Congratulations to Marek Stastna, professor of Applied Mathematics, on being awarded $1.65 million in funding for an NSERC Collaborative Research and Training Experience (CREATE) program. Stastna and his team's CREATE program is titled “Training for Novel Directions in Quantitative Climate Science.”
CREATE programs support “the training and mentoring of teams of highly qualified students and postdoctoral fellows from Canada and abroad through the development of innovative training programs” that encourage collaboration, address significant scientific challenges, and enable professionalization.
“I hope the funding leads to a greater profile for the Faculty of Mathematics within the climate space, both at UW and beyond,” Stastna says. “I also hope it will increase Math’s profile in interdisciplinary research. I feel both excited to start, and a bit nervous due to the novelty of the endeavour.”

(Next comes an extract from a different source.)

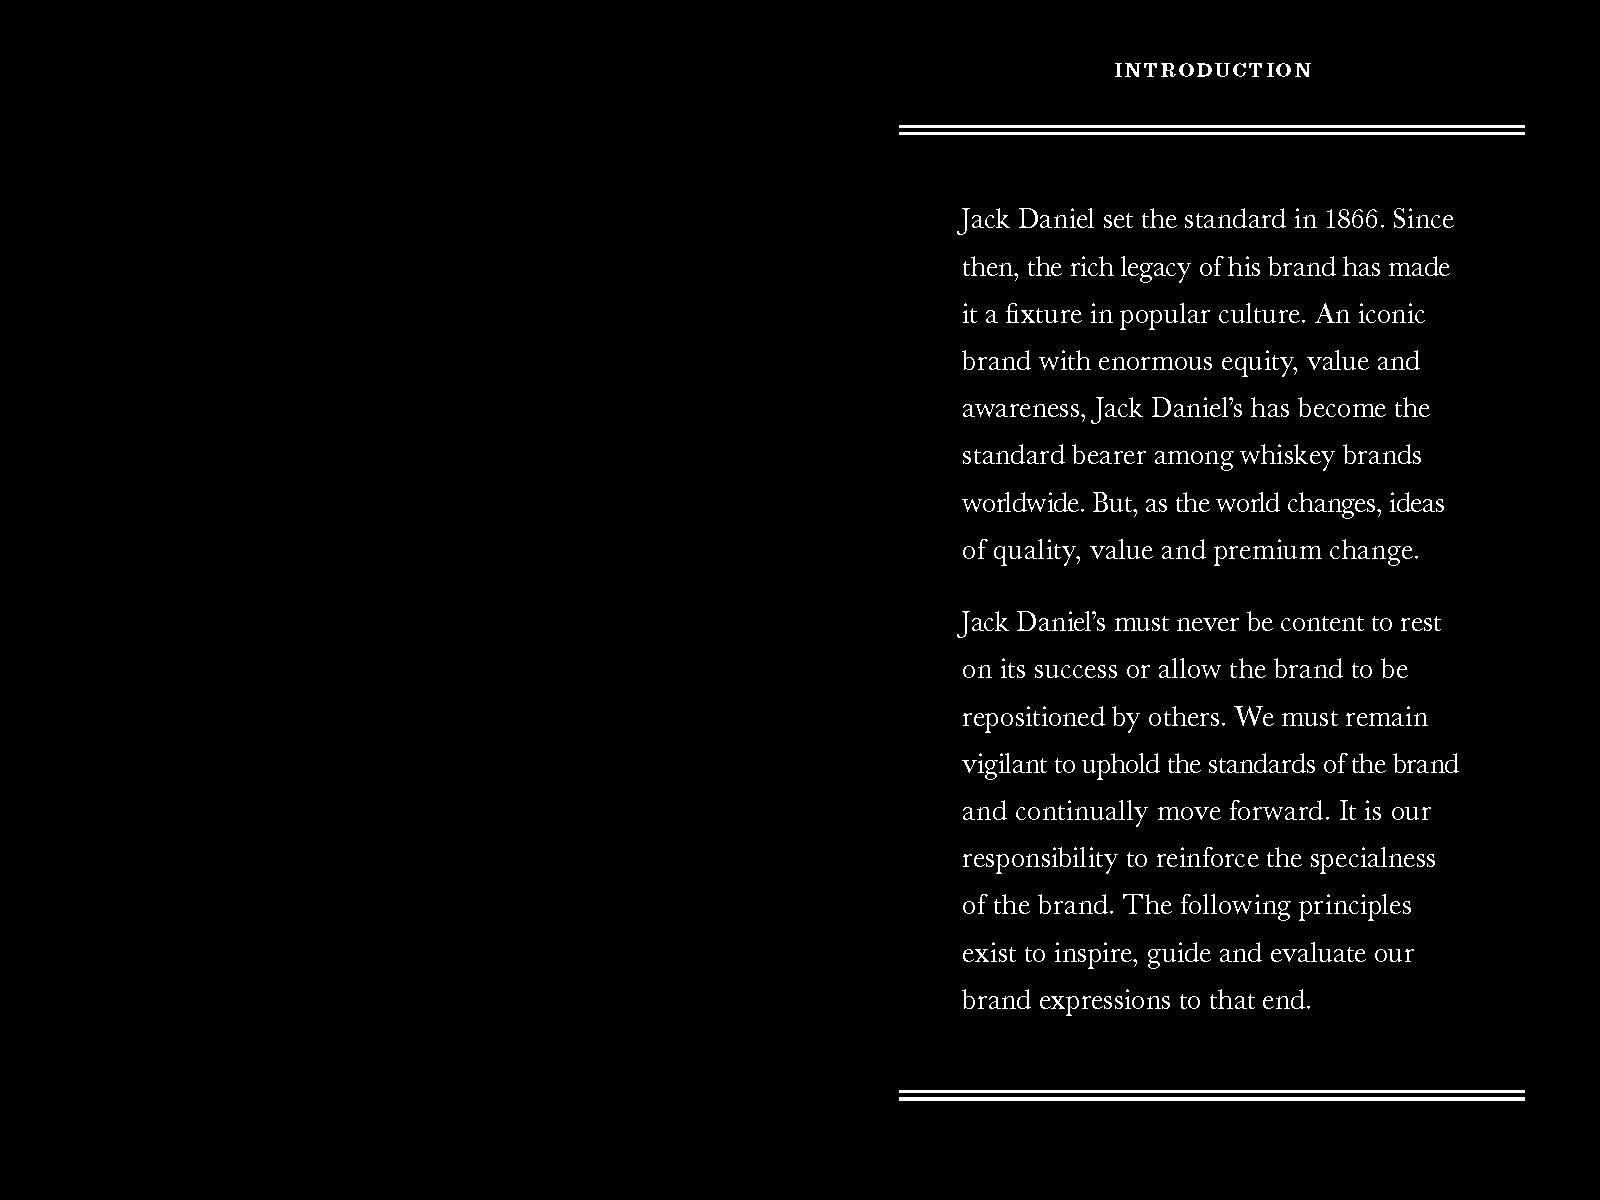 Jack Daniel's Guiding Principles 2012_Page_02.jpg
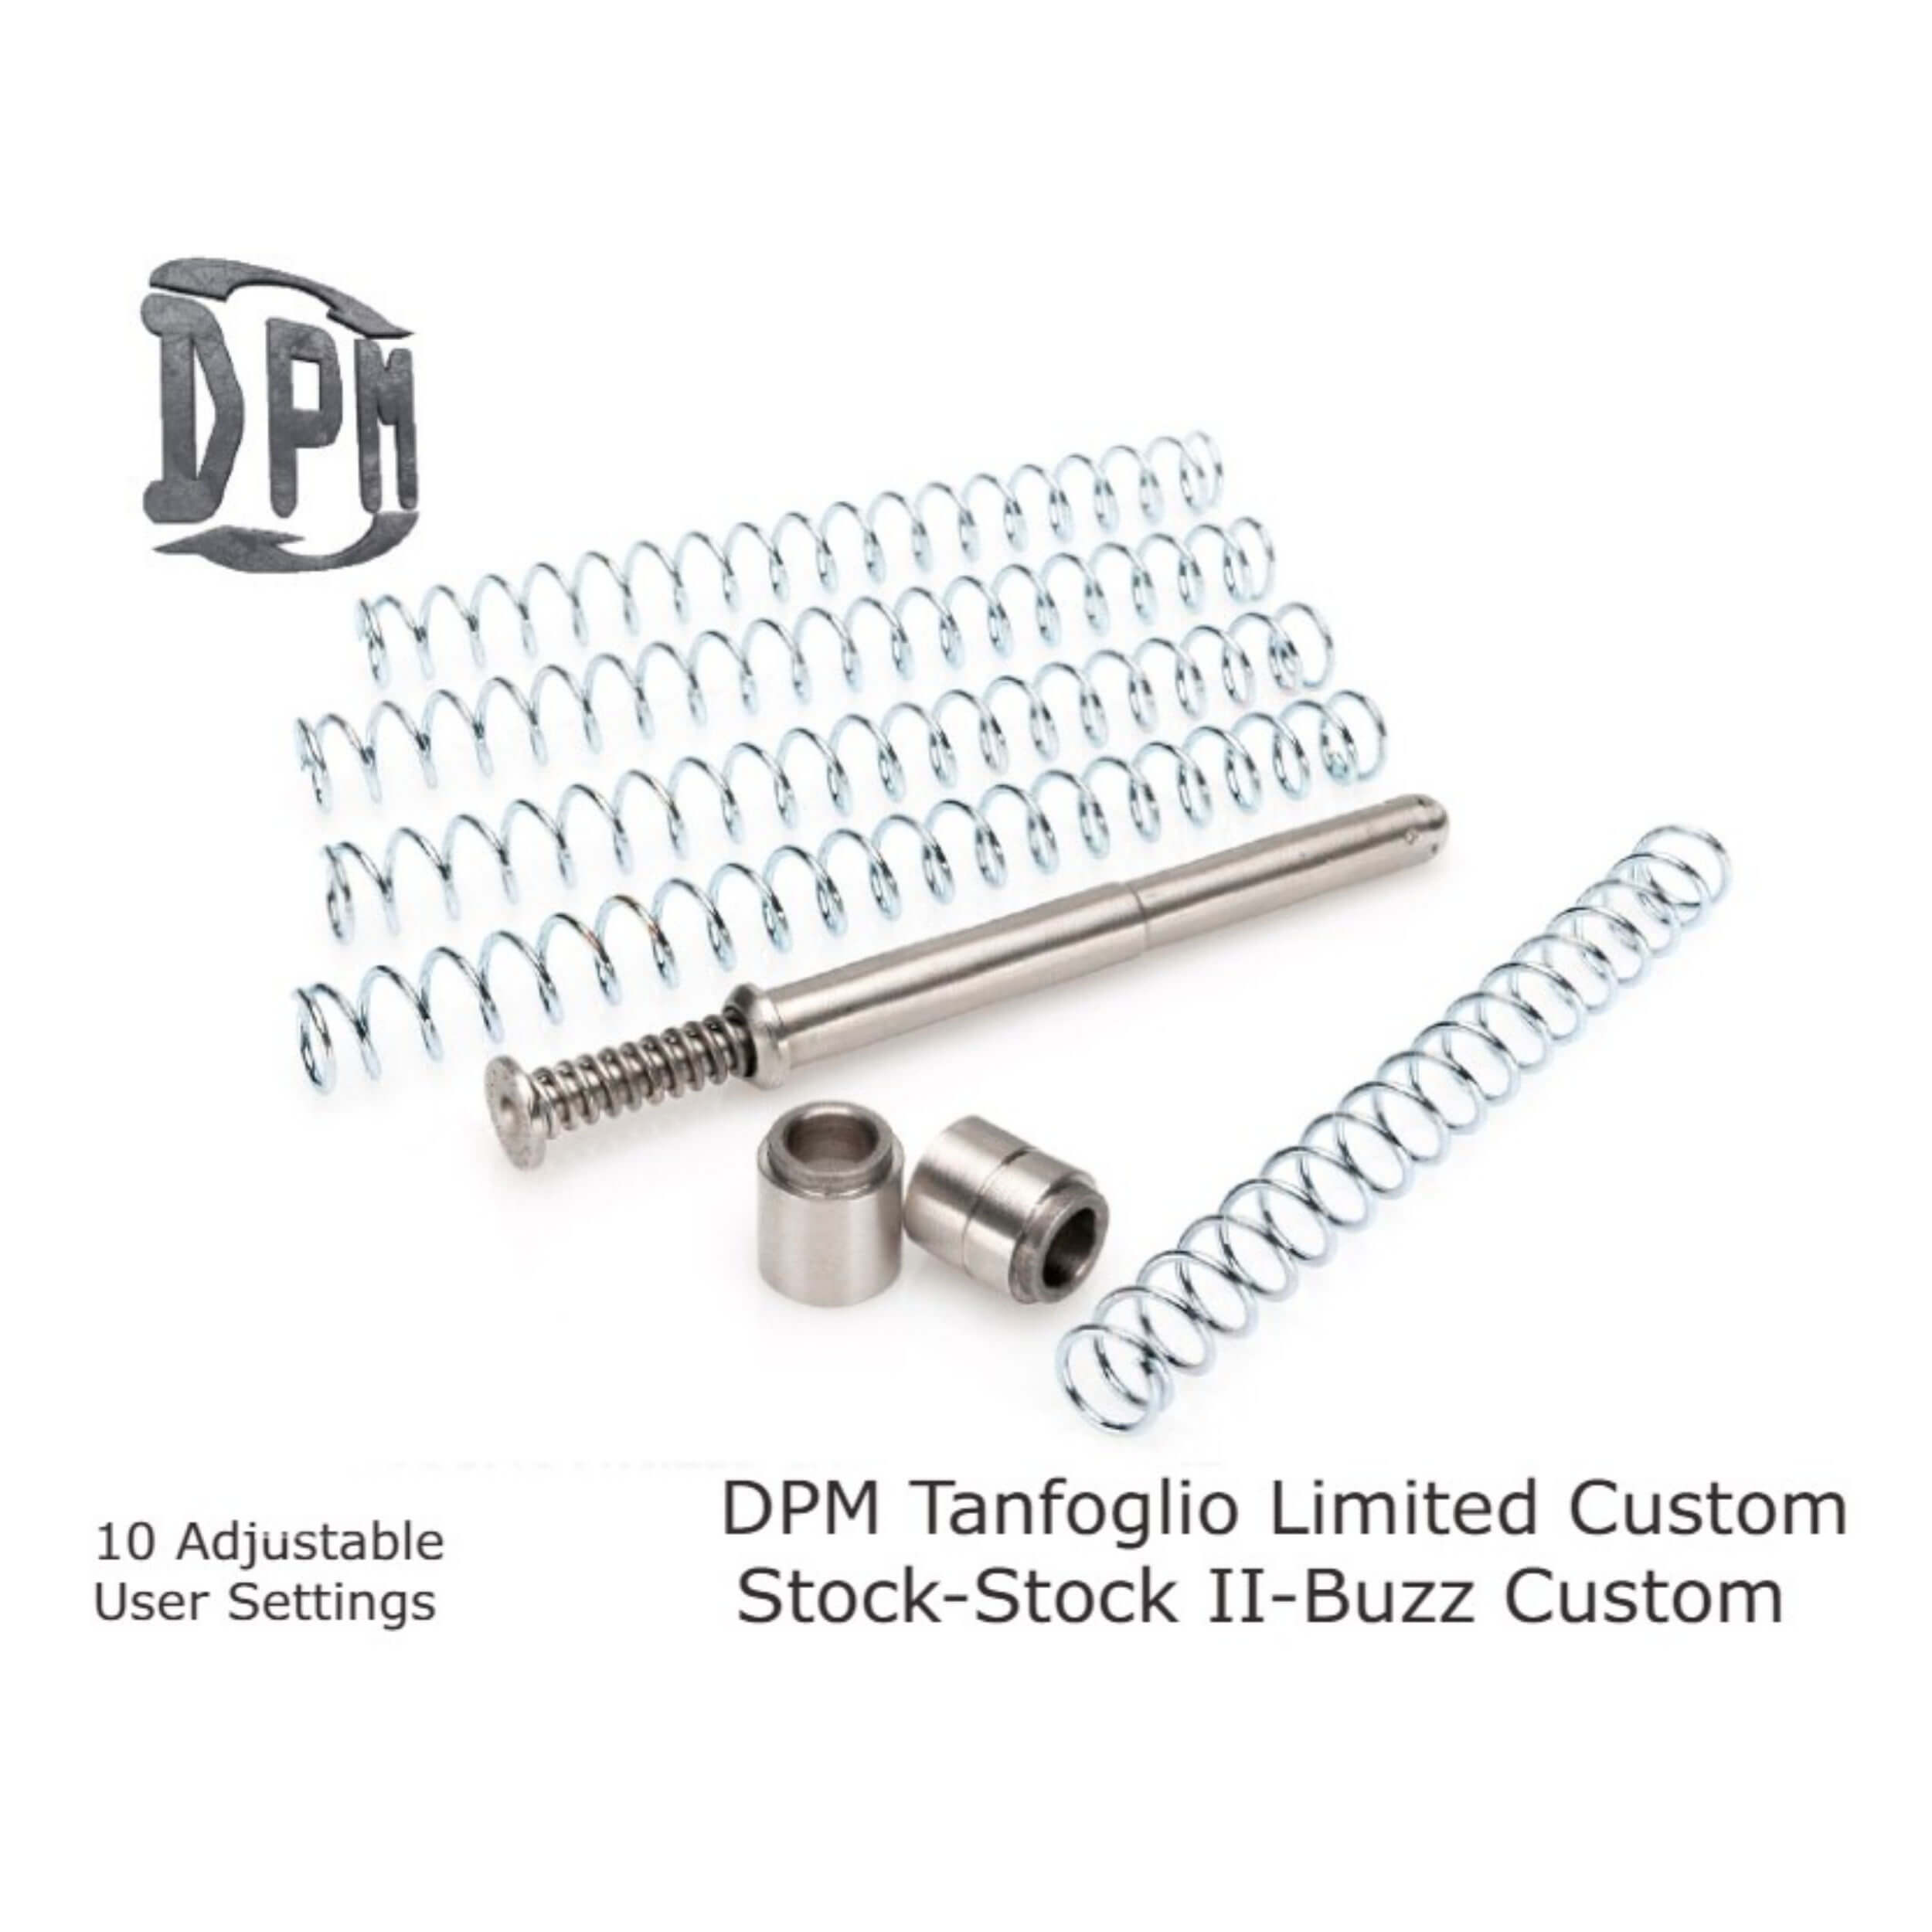 Tanfoglio Limited Custom - Stock - Stock II - Buzz Custom - 10 Settings All Calibers

Stastna, who completed all his degrees at Waterloo and has taught here since 2004, has been conducting research at the intersection of mathematics and climate science for decades. He has served as both the publications director and the president of the Canadian Meteorological and Oceanographic Society, and is currently the chief editor of Atmosphere-Ocean.
Stastna says that he applied for CREATE program funding “as a way to strengthen a community of like-minded individuals who see a strong role for the quantitative/mathematical side of climate science.” The funding will help bring in graduate students focused on this research, will allow for summer education with a broad student footprint, will allow for stronger relationship between Waterloo and the three other participating institutions (The University of Toronto, McGill University, and Dalhousie University) as well as Environment and Climate Change Canada and the Department of Fisheries and Oceans. It will also ideally increase graduate student opportunities for employment in industry and government post-graduation.
“I would like to thank my co-PI Francis Poulin, who advocated for taking a CREATE on and convinced me this was a good idea (and helped all along the way),” Stastna says. He is also grateful to Brittany Reiche and Sarindra Andrianasolo in the Mathematics Office of Research, the office of the Vice President, Research and International, and the deans of the Faculties of Mathematics, Engineering, and Environment.